Forums › Ask ACCA Tutor Forums › Ask the Tutor ACCA FR Exams › FVOCI

  • This topic has 1 reply, 2 voices, and was last updated 2 months ago by P2-D2.
Viewing 2 posts - 1 through 2 (of 2 total)
  • Author
    Posts
  • April 2, 2025 at 5:42 am #716444
    zumrudaliyeva
    Participant
    • Topics: 28
    • Replies: 8
    • ☆

    Dear Sir,

    In the following question, I did not quite catch 2 things: 1) why did they use FVOCI? (I thought it should be FVPL, as a default category) 2) in the year-end, why did they not add $500 transaction costs again while revaluing it to $45,000 by multiplying 4.5 with $10,000?

    ABC purchased 10,000 shares on 1 September 20X4, making the election to use the 
    alternative treatment under IFRS 9 Financial Instruments. The shares cost $3.50 each. 
    Transaction costs associated with the purchase were $500. At 31 December 20X4, the shares are trading at $4.50 each. What is the gain to be recognized on these shares for the year ended 31 December 20X4? 

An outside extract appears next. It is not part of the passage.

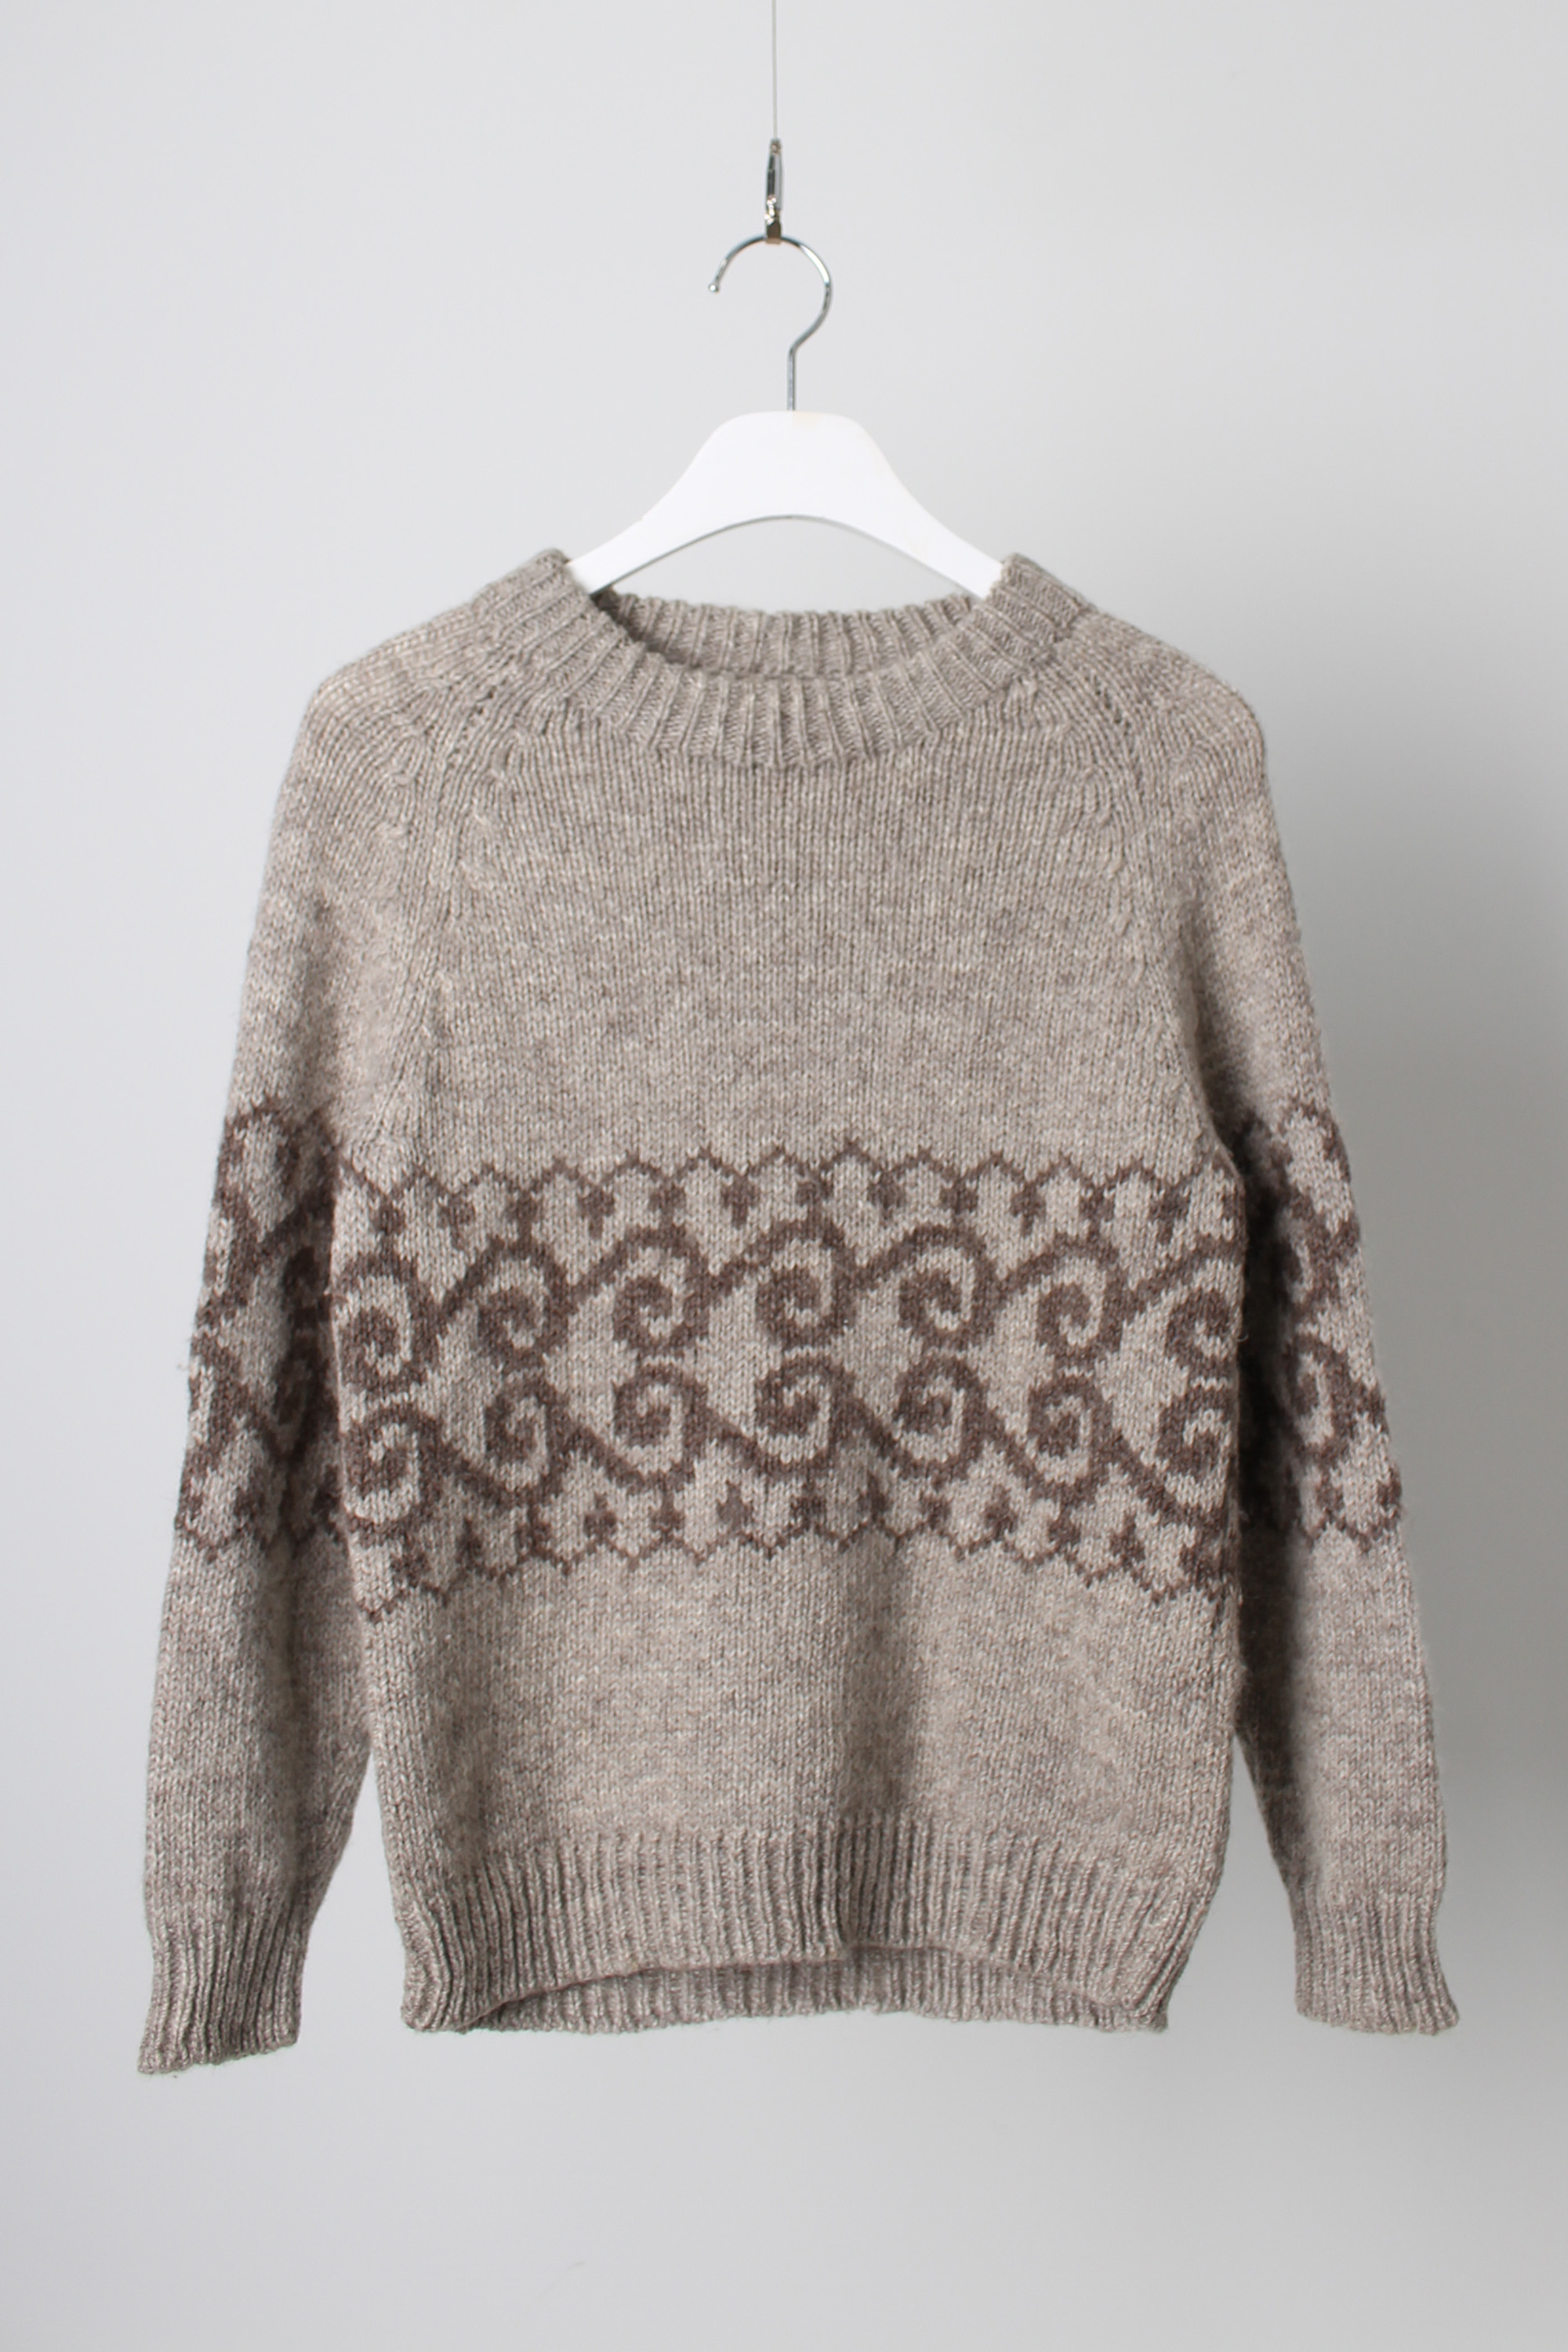 rapaki mahana wool knit

    April 8, 2025 at 5:50 pm #716513
    P2-D2
    Keymaster
    • Topics: 4
    • Replies: 7163
    • ☆☆☆☆☆

    Hi,

    You are correct in your understanding of FVTPL being the default category but it says in the question that the business has opted to take the alternative treatment, i.e. FVTOCI.

    In adopting this category the transaction costs are capitalised at initial recognition, we do not need to do anything with them at the reporting date. At the reporting date we work out the FV of the shares as has been done at $45,000, and then look at the movement from the amount recognised at initial recognition.